Open Source love-hate relationship
I have been working for a long time with different open source projects. My experience has been very different depending on the open source and the level of maturity.
Currently, I have been working with two major frameworks: airflow, apache-beam.
In this blog, I would like to address my experience with apache-beam, which has been fairly good.
Apache-Beam (https://beam.apache.org/) is a unified programming model for big data (competing with Spark, Flink, and others). This blog will not go over the features of Beam but will address my experience with it from the open source perspective.
When you purchase a framework, you have the feeling that you have a company backing you up, and any problems you may have can be solved by opening a ticket. In my past experience, this is not true. Yes if your issue is a simple one then the first tier can help you out. What if the feature does not work as you expected, and there is something missing - you have to hope they will add it to their roadmap, and then wait for the release (usually months).
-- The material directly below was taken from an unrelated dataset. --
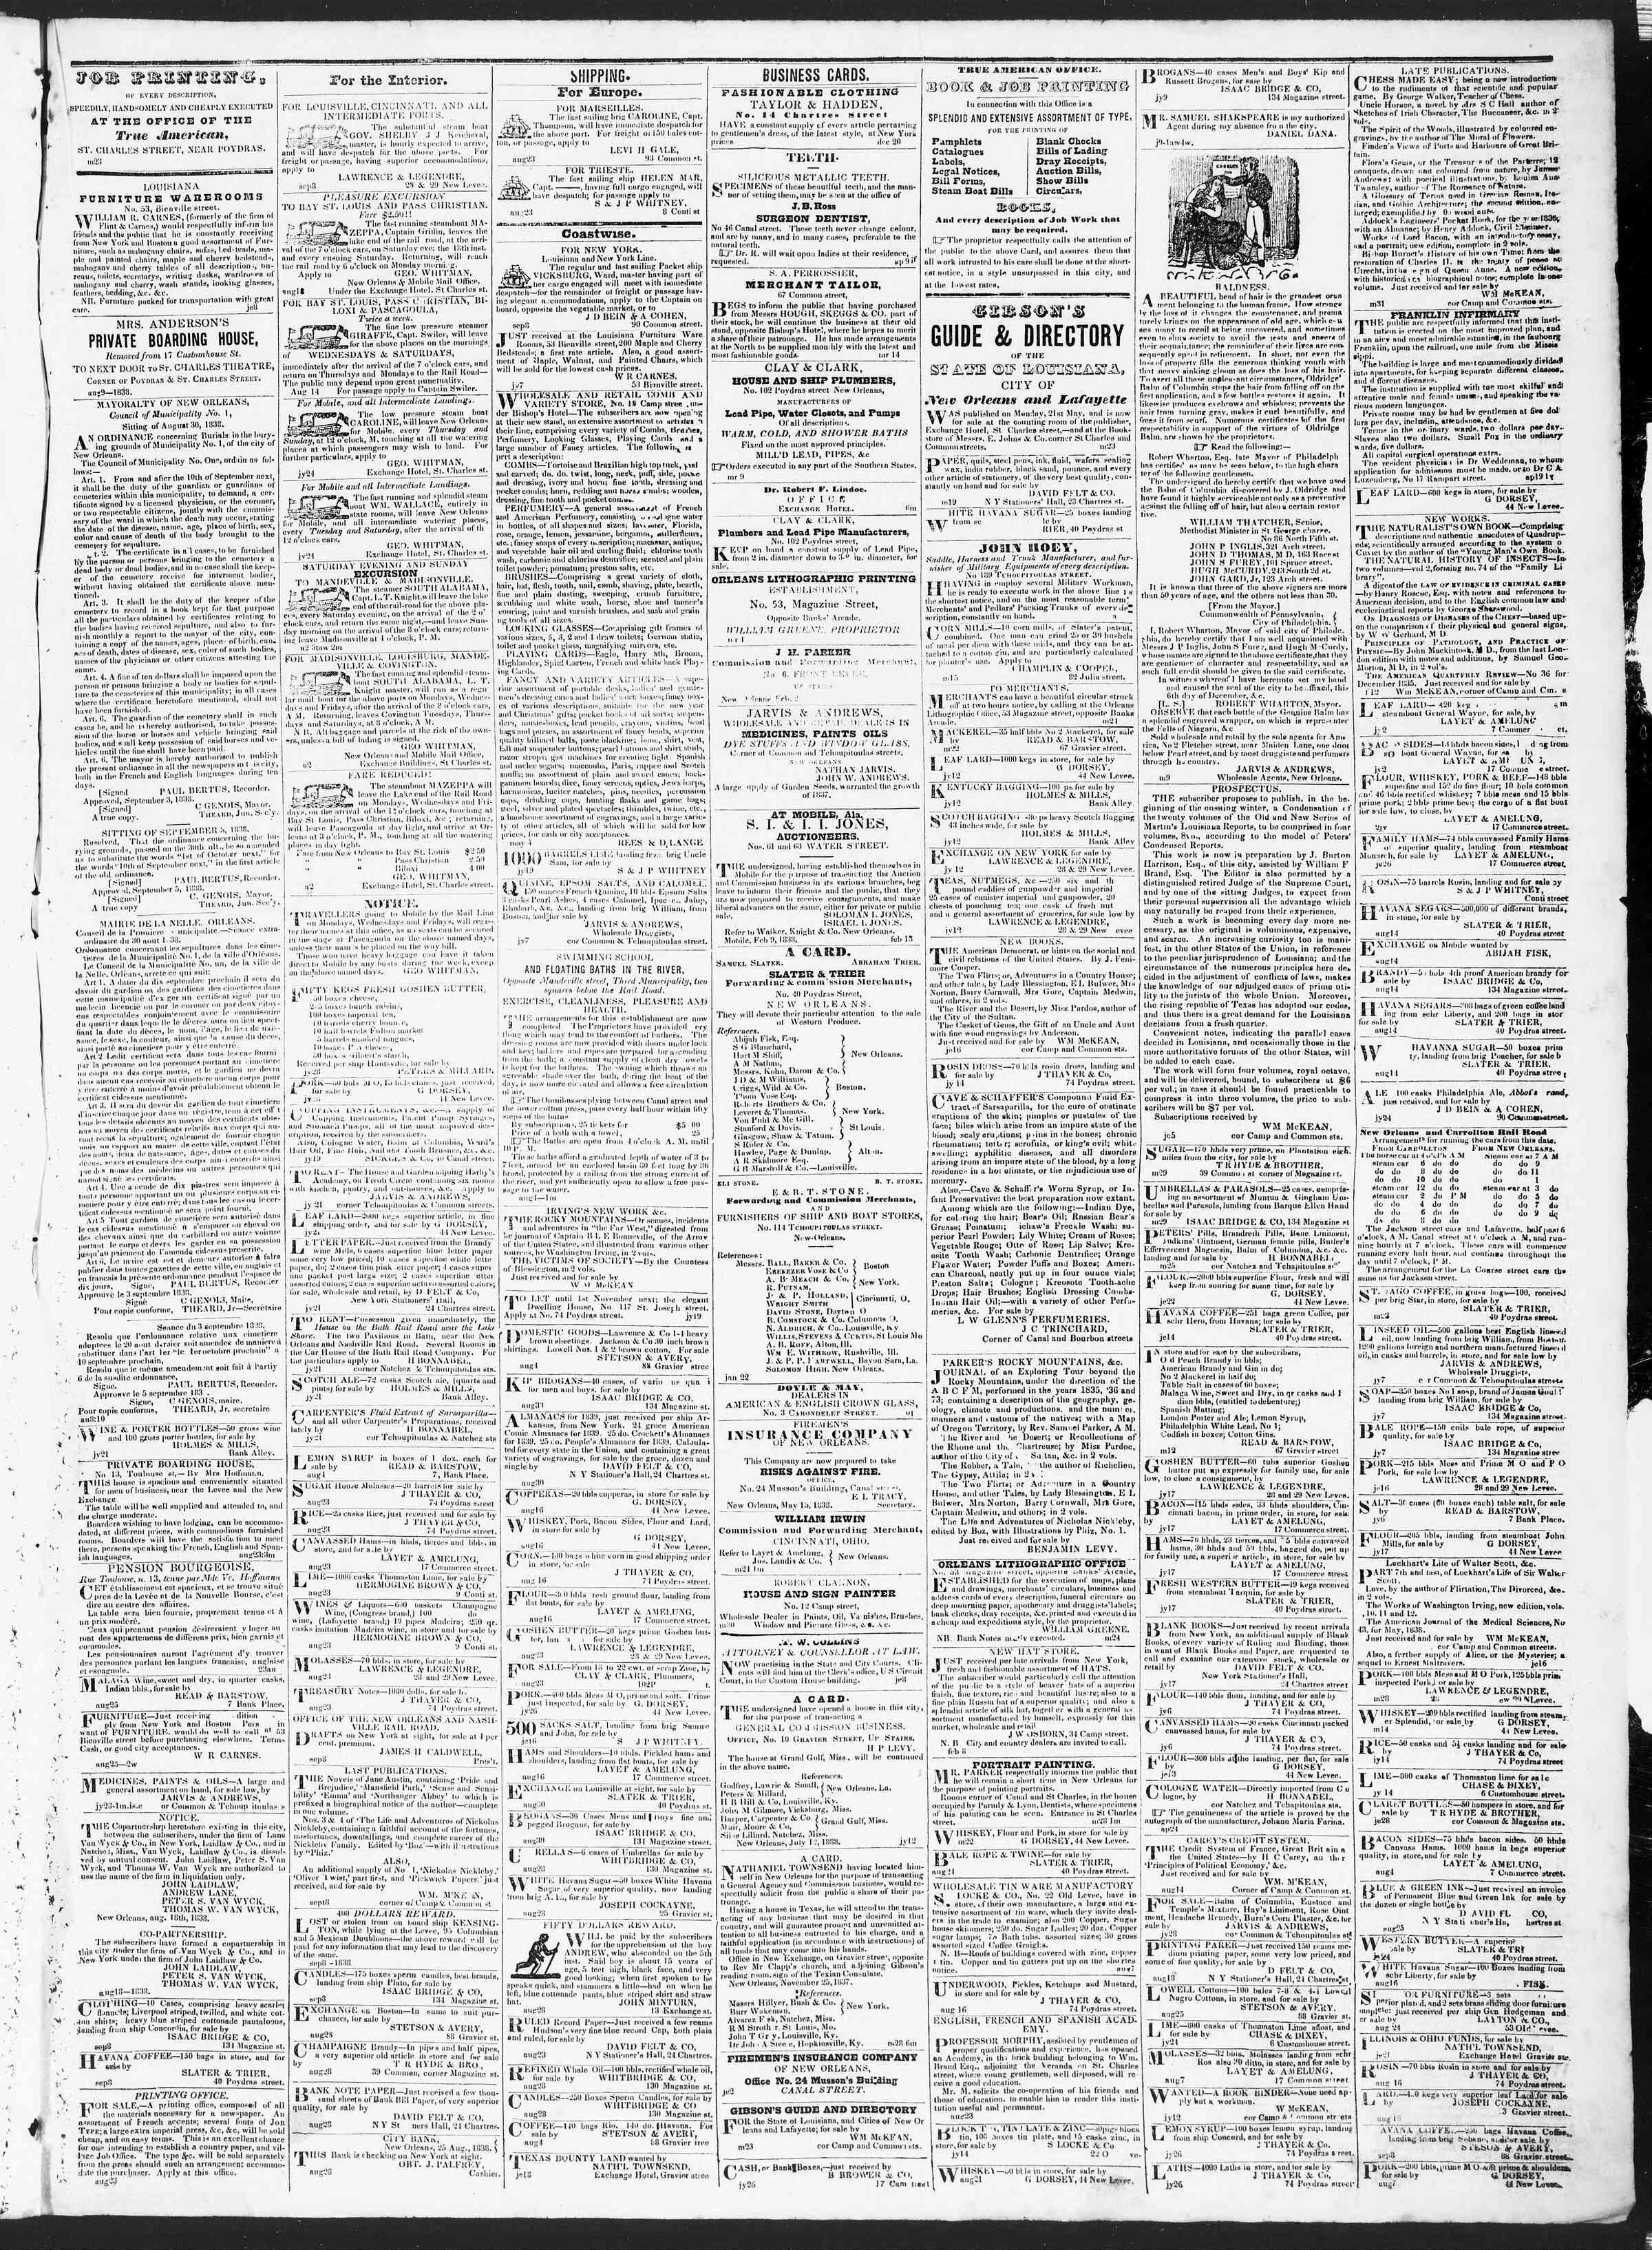 September 13, 1838 Tarihli True American Gazetesi Sayfa 3
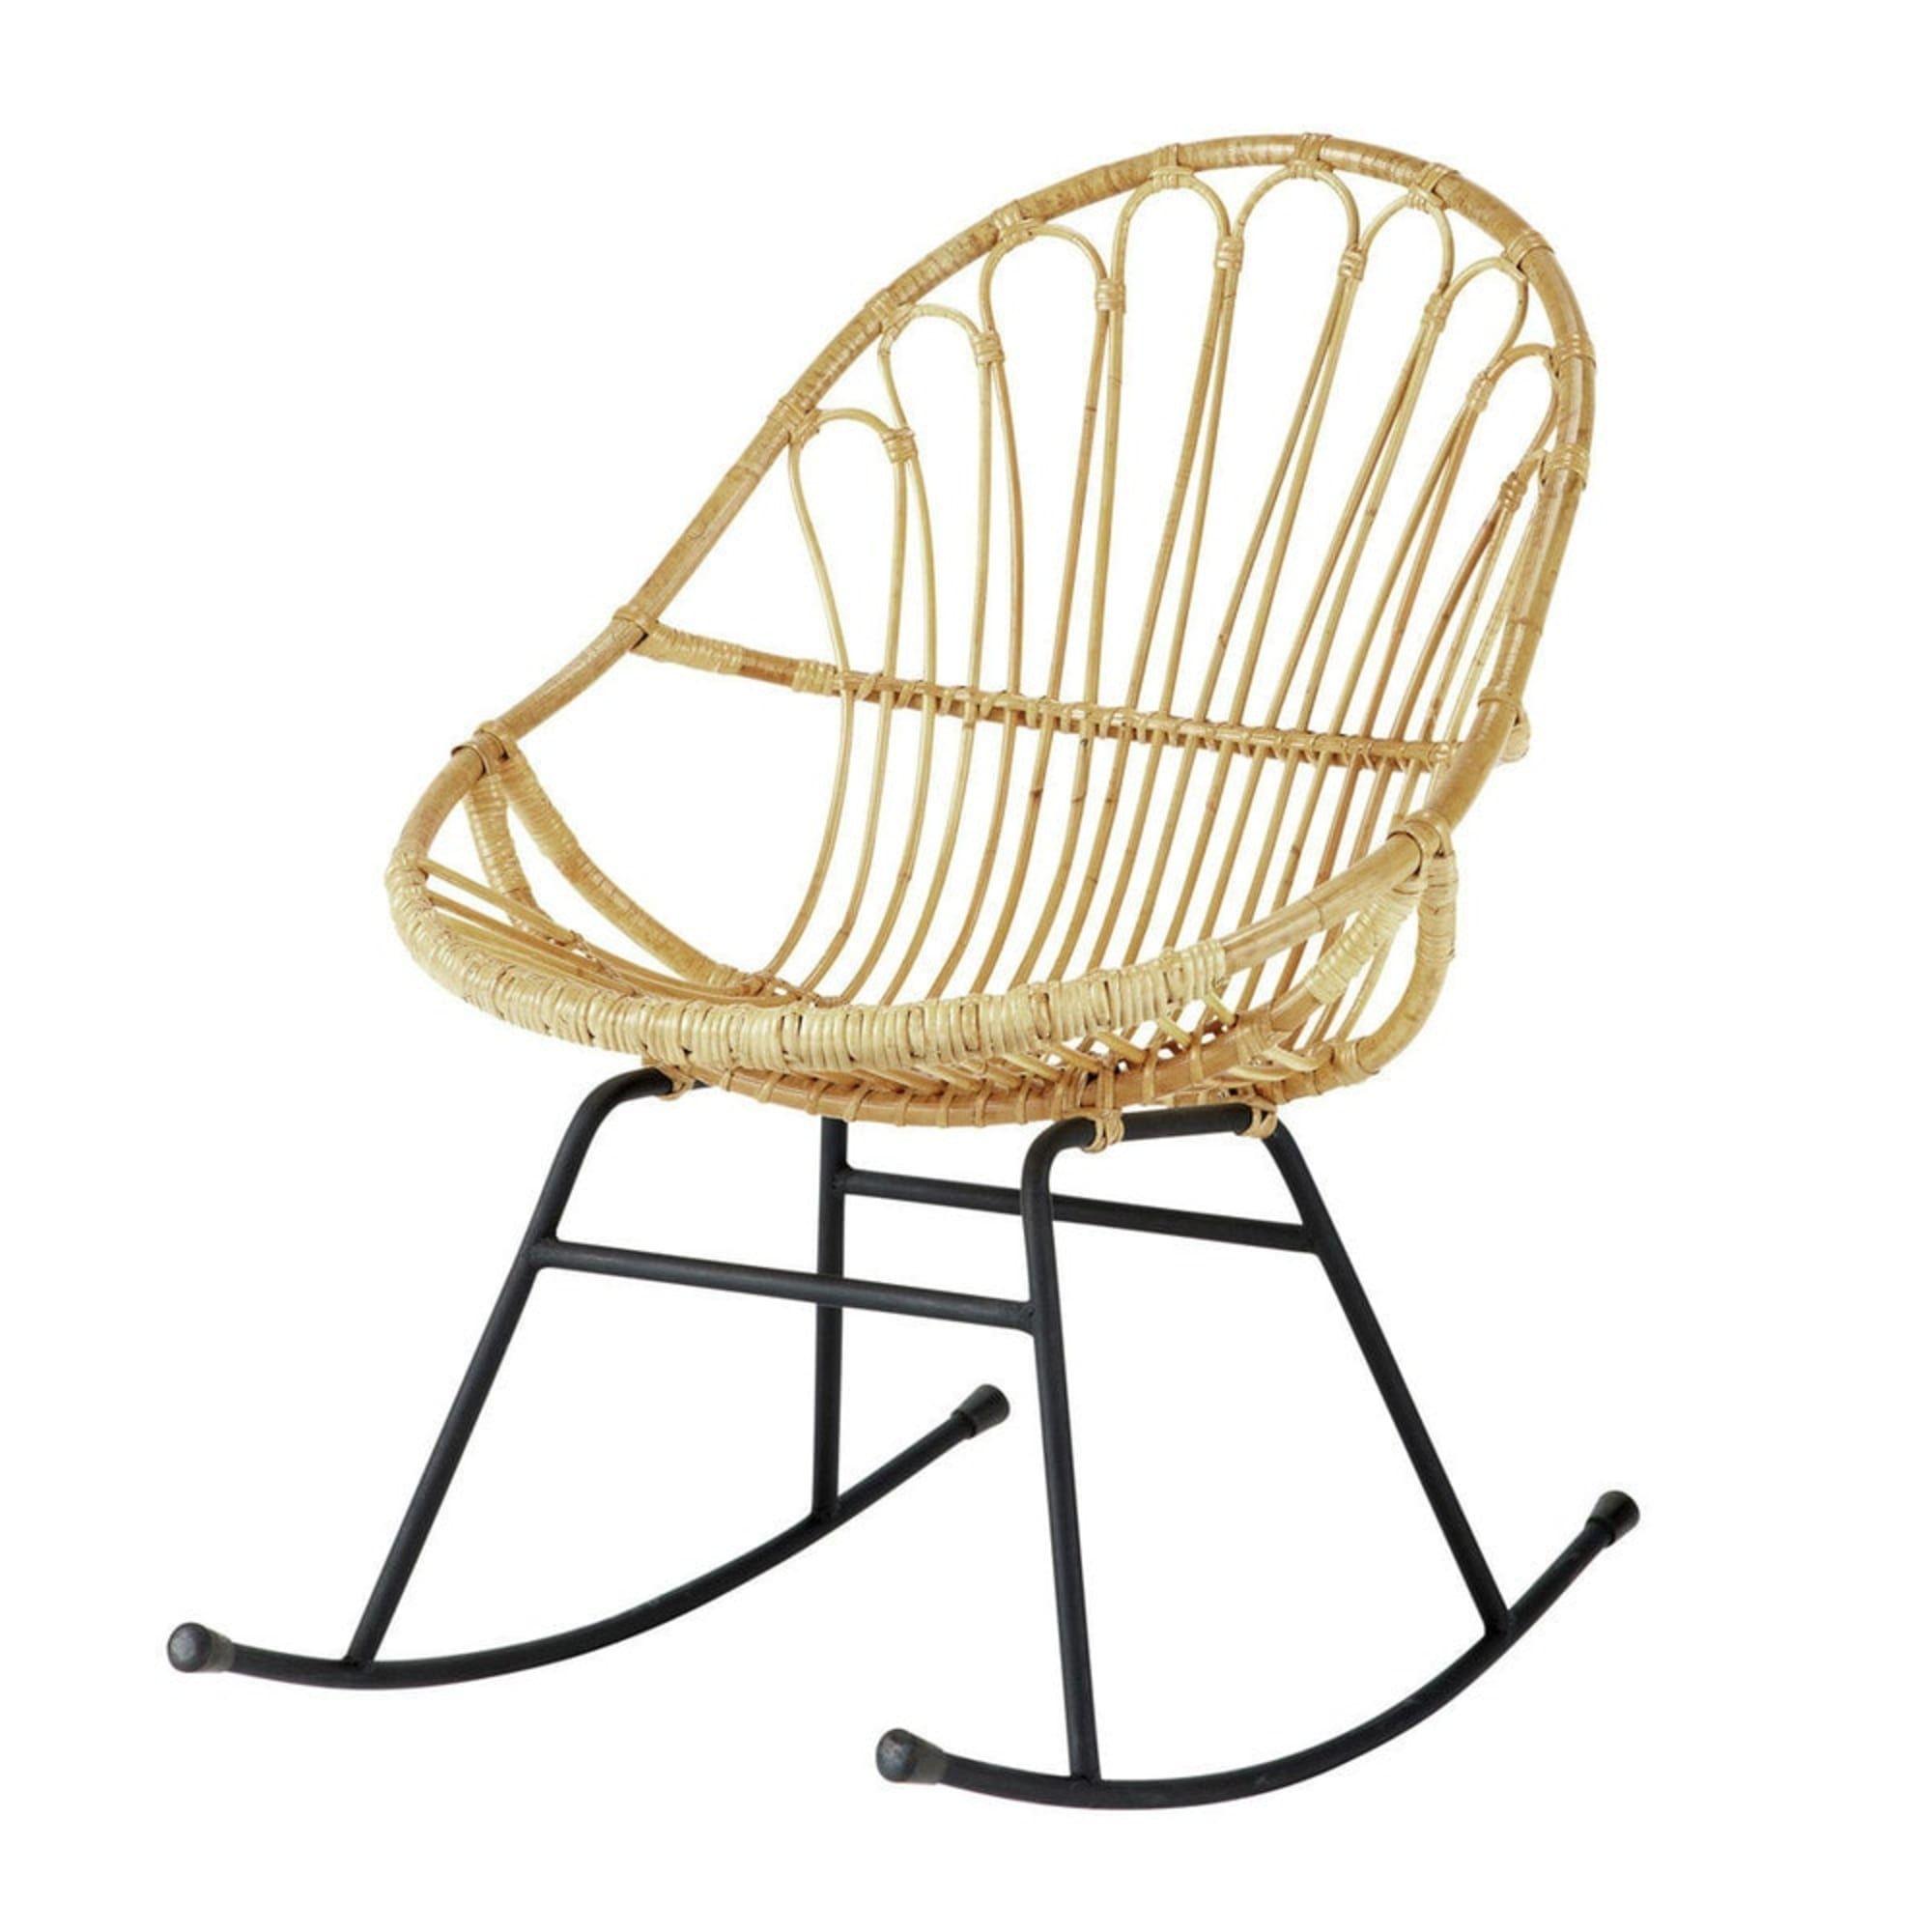 Fauteuil A Bascule En Rotin Petunia Maisons Du Monde Rattan Rocking Chair Rocking Chair Rocking Armchair

I have been using Beam to migrate data from MongoDB to the Google platform. I have previous experience working with MongoDB, so I know some of the features that exist there. I was a bit surprised to find out that apache-beam does not support SSL connection to the server. In addition, the feature of projection which would allow me to bring only part of the document was greatly missed.
So what can I do about it? First, any time you use an open source you should register to the email workgroup (in the case of beam head over to google group). In the email group, you can monitor how stable the platform is by the questions being asked. In addition, it is a source of knowledge on the features even if you do not plan on contributing code. Finally, you can contribute code.
So after reading up on the source code in beam-git), I understood that it is not that hard to add the missing code for the features I needed. So to begin with, I copied the files that I needed to change into my project (under the same package name) so that I can change the code. Once I had working features (yes with testing), I could then think of contributing the code back to the open source project. Depending on the project there is usually a readme for how to contribute code (contribute), I have to admit that the process of contributing in itself has taught me a lot (you can see my commits at projection, SSL).
I have to admit that it is not always so rosy. I saw there was a new version out, so I upgraded my system (in the dev environment, not production), and found out that the filters for the data were not working properly. This was very concerning since I did not expect this to happen. The reason was that someone else committed to the project a new feature and it broke the code. This could also happen in an enterprise platform, and you would expect a very fast patch to be put out. So again I took the code to my project, checked what broke and in the same day fixed the code and submitted to patch to the open source (custom filters). Once the issue that should be looked into is how often does the open source project release new versions. You would not like to keep your personal changes for that long so that you don’t forget to delete it when the new version comes out. In my options once a month is great, more than that and it is hard to keep track.
To summarize, I think that my experience with open source has been a good one. The fact that you can quickly fix issues as they arise is very powerful and fulfilling to give back to the community. So I invite you all to start using open source as much as possible and to contribute back to the community as much as possible.